Penn State University Press

I developed one of those finish-the-sentence chants to teach my young son to share with other kids. “Sharing is . . . ,” I say, raising my voice to prompt him, and he shouts “. . . good!” Of course, we all know that sharing is . . . hard! But willingly or not, sharing is the new ethic for a new century, one that archaeologists, regardless of age, must adapt to for so many reasons described in Kansa and Whitcher Kansa’s article. It is like preschool all over again for archaeologists, and our authors are those patient teachers urging us to share with each other. This time it is our most precious toys we must lend: our data.

But if data publication is to have a promising future, then advocates like Kansa and Whitcher Kansa must reflect deeply on the cultures of academic sharing. Sharing is cultural, after all, and like all culture, it is mostly learned, and hardly innate. The willingness to distribute the materials that make up the backstage of final publications—the gray literature, the spreadsheets, the images, the really-good-but-rejected grant application—is a habit that emerges through specific disciplinary formations, practices that are learned from mentors and peers early in one’s career.

So I believe our authors are still trying to decipher archaeology’s far from homogeneous attitudes toward sharing. Case in point is the way they mistakenly typecast their audience as academics pressured to manufacture only traditional print-run publications in the highest ranked journals. Scholars supposedly have no time for projects like data sharing that bring little credit from university promotion committees. This is partly true, of course. But this type-cast scholar, a highly rational hamster, wheel-peddling her way to tenure, is somewhat of a straw man. Academics—like this author, who is writing an un-refereed response in the first issue of a fledgling journal—make contributions to knowledge that are rarely acknowledged in their promotion cases.

In order to get at the crux of this issue, one should not ask why archaeologists don’t share, but rather, why (and when) do they share? Any pretense of altruism should be discarded immediately; studies on sharing, cooperation, and collaboration demonstrate that when people give, they implicitly expect reciprocity, maybe not from the immediate receiver, but from some other source at a later time. Data is therefore a type of capital (sensu Bourdieu) that is displayed and exchanged in ways that boost the reputation of scholars and their projects. If one has BIG data sets, their display leaves admirers awe-struck and competitors envious. Or the discovery of a singularized datum that is reported in the media—an inscription or a monumental sculpture—boosts a scholar’s reputation in the public eye. Archaeologists obviously surrender their capital when it is strategically beneficial for them or their projects. But the calculated timing of such events is potentially revealing for data-sharing advocates. More research is needed to identify the co-occurring circumstances and pressures that give rise to these moments of sharing.

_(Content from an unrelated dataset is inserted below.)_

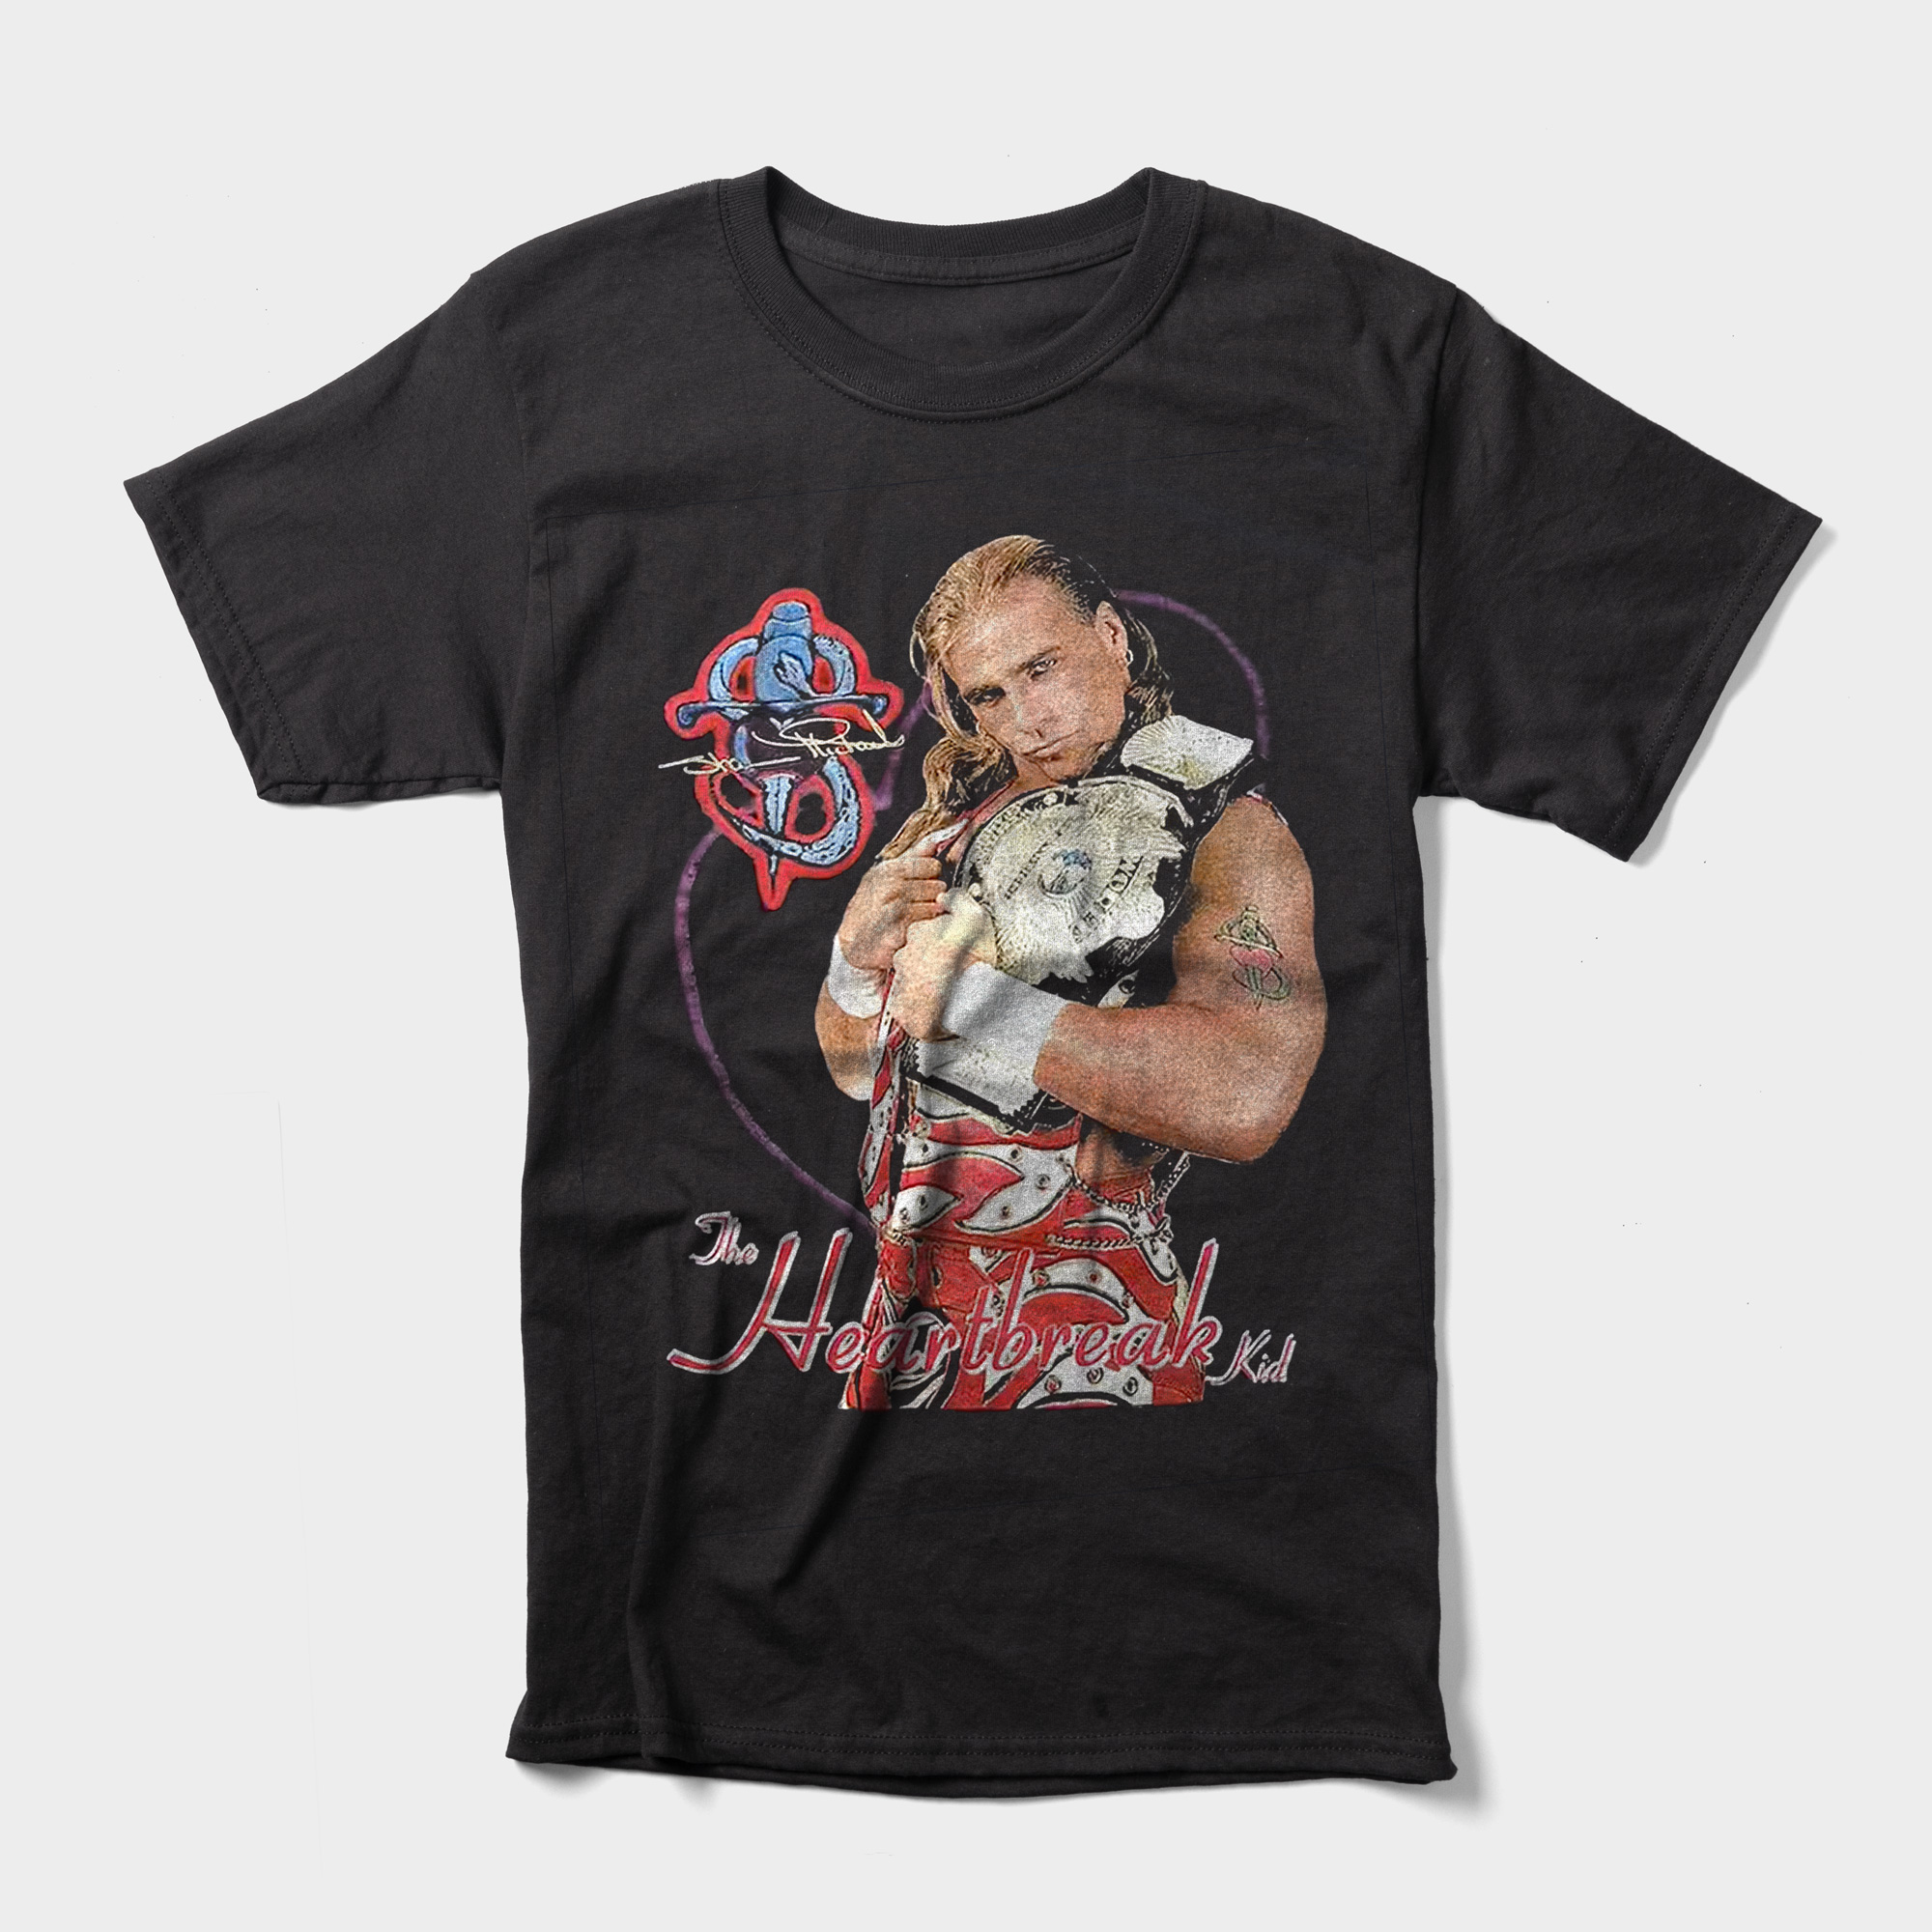 Shawn Michaels' Wrestlemania shirt commemorates one of his greatest performances and rivalries against Bret Hart.

A few of my early mentors warned me not to share data before “final” publication. I remember us scrambling when a supposed adversary was visiting. Lock the door, hide the keys, deflect questions. I was told that if we hid the materials until the last possible minute, we could then retain control over its interpretation. That data is still not published (the adversary’s is). But now I do share, for so many reasons, beyond the fact that it earns me capital. I believe the authors are correct that sharing data in open-access platforms is a public good, especially for those working at public institutions or with public funding. I also share for practical reasons: my office in Berkeley sits above the Hayward Fault and when the Big One happens, all of my notes, books, and data may be buried under nine floors of office debris. It helps me sleep easier at night knowing [End Page 100] that not all will be lost. But I also share—and this is where the authors need to take note—because I want to prove to the world that I can dig up something old, label, photograph, and draw it, and then share it with the world very fast, proving that I am, indeed, an archaeologist, perhaps even a competent one. I can’t be the only researcher out there with this anxiety to prove myself worthy, an anxiety that data-sharing gurus help to alleviate.

A final thought for our authors that returns to my earlier comment on data as capital: data-sharing needs to be cool, it has to be hip, it must be sexy. Data sharing needs to be so cool, in fact, that we can overhear somebody at conferences yelling, “What? I can’t download the data for your paper?” Facebook and other social media websites have taught us that people share their information because they wish to feel like they belong to exclusive communities, real or imagined, physical or digital, of like-minded people. Rebranding data sharing as a practice in which only the highest caliber, most cutting-edge scholars are participating will attract a new generation of contributors. One may counter-argue with good reason that these changes would sacrifice the techy look needed to build trust with agencies like the NSF and NEH. But once a site has a good platform built (which many of them do), a professional reputation, and standard protocols, our authors need to consider the perennial need of contributors to feel like they belong to the coolest club in archaeology.